Critical: Use the Raw Request Body

Always verify against the raw, unprocessed request body — before any JSON parsing, decoding, or reformatting. Parsing and re-serializing JSON can alter whitespace or key order, causing the signature check to fail even on legitimate requests. In Express, use express.raw() middleware instead of express.json() for the webhook route.

Use Timing-Safe Comparison

Use a constant-time comparison function when comparing signature strings:

  • Node.js: crypto.timingSafeEqual()
  • Python: hmac.compare_digest()
  • PHP: hash_equals()

A simple === comparison is vulnerable to timing attacks that can allow an attacker to guess valid signatures.

Zapier and Make

If you are delivering webhooks to Zapier or Make, you generally do not need to implement signature verification — Zapier and Make use their own authentication at the trigger level.
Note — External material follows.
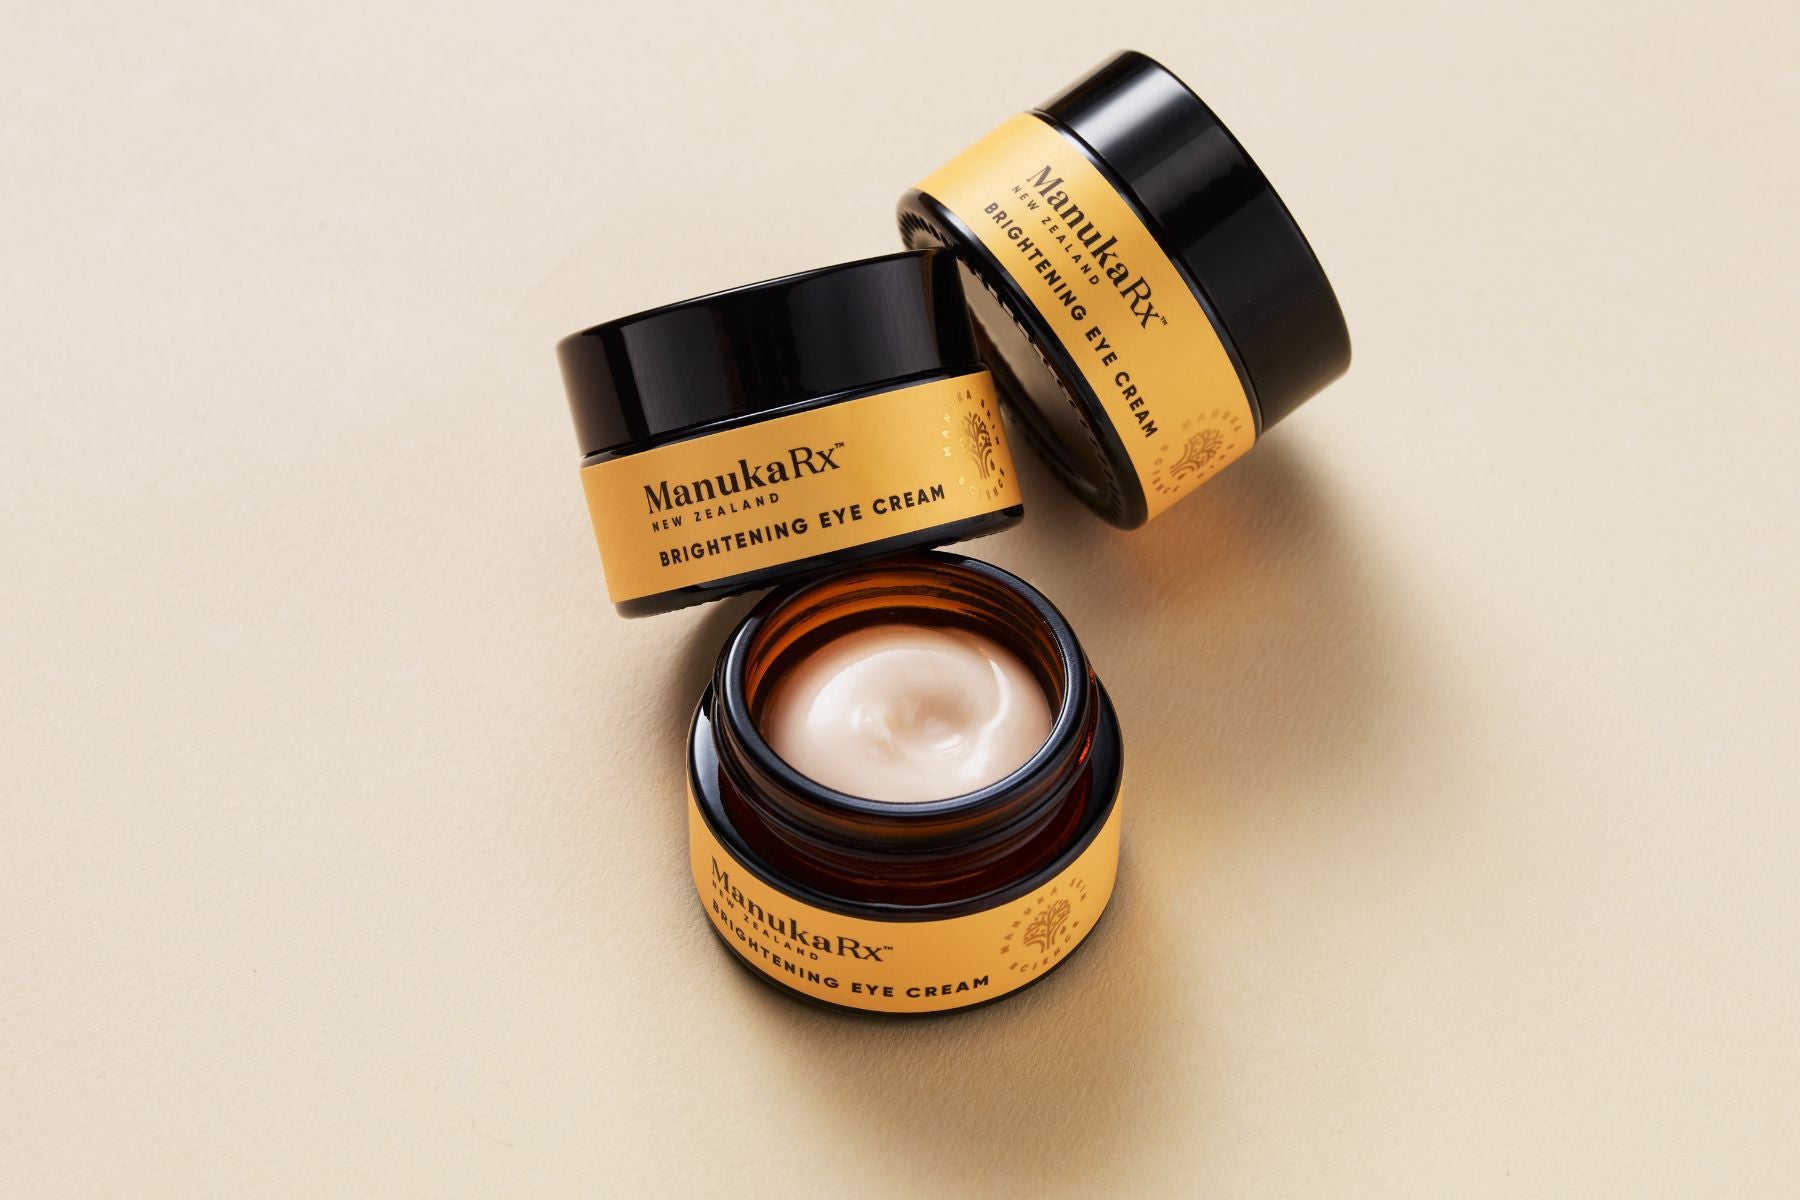 ManukaRx Brightening Eye Cream Product shot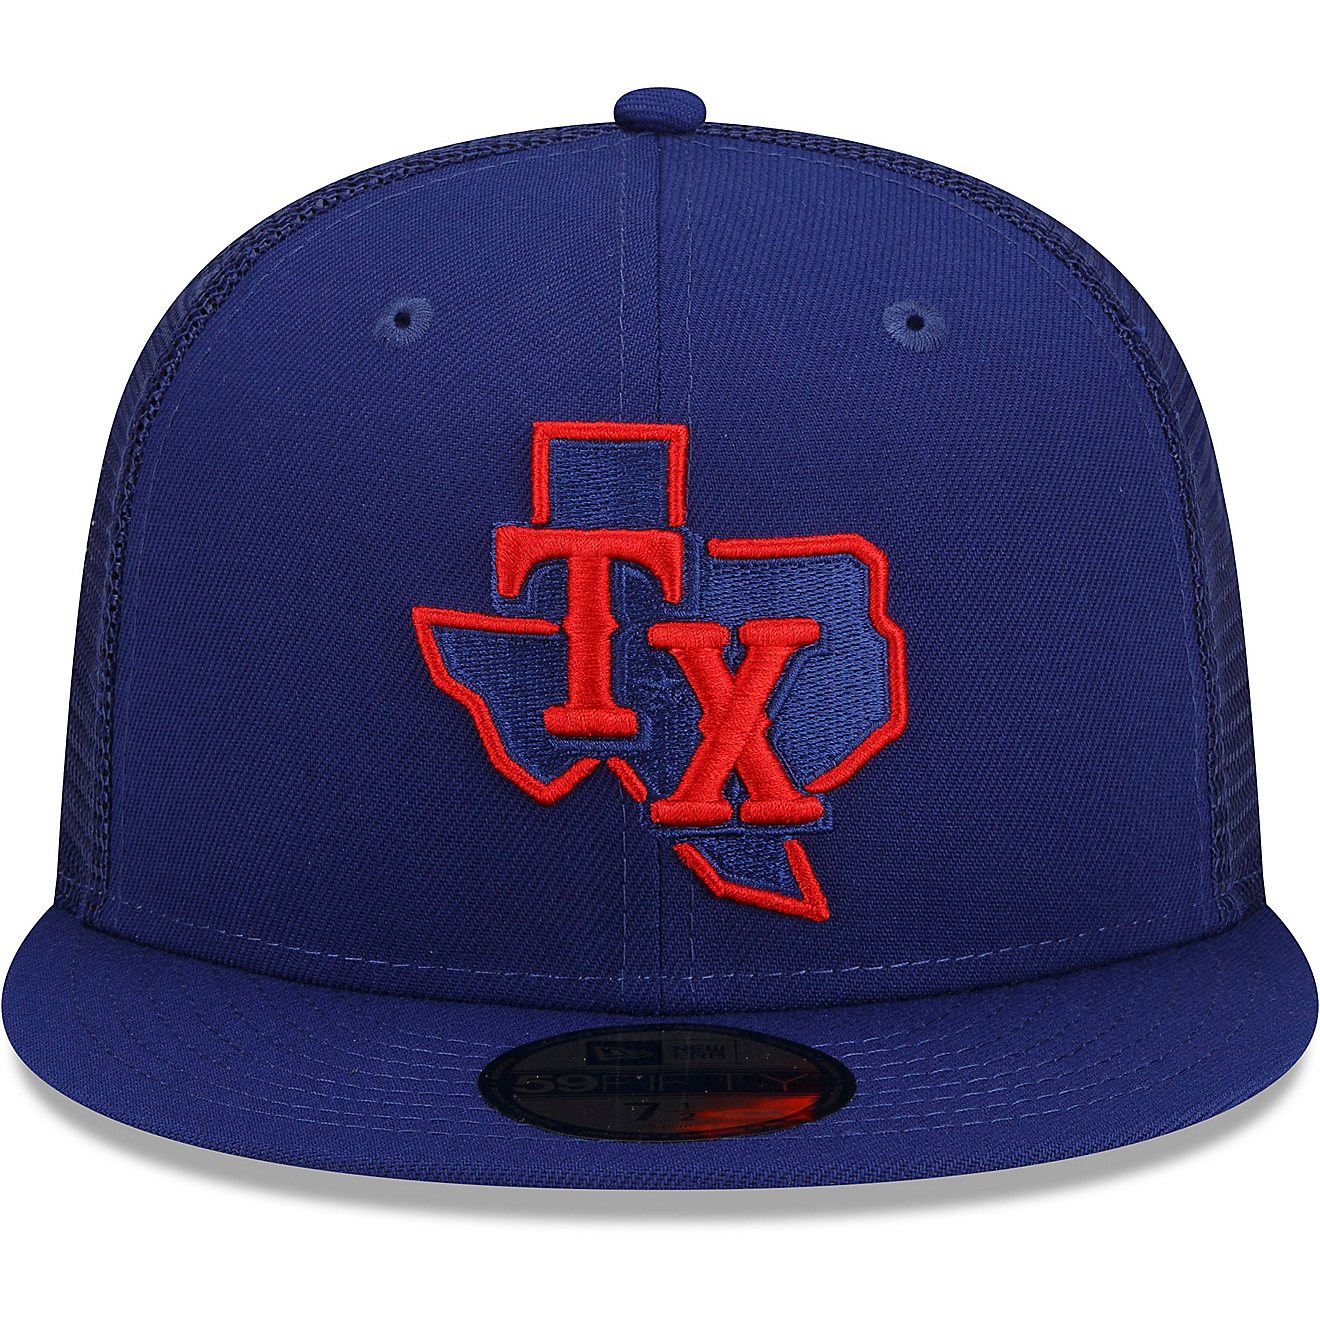 New Era Men's Texas Rangers Batting Practice OTC 59FIFTY Cap                                                                     - view number 2

You can safely skip this step for those integrations.

Rotating Your Webhook Secret

If your secret is accidentally exposed:

  1. Go to Settings → Integrations → Outbound Webhooks
  2. Find the affected destination and click Rotate Secret
  3. Copy and store the new secret securely
  4. Update your receiving endpoint with the new value

ACS begins using the new secret immediately for all subsequent deliveries. In-flight deliveries using the old secret will fail verification on your endpoint — this is the expected and correct behavior.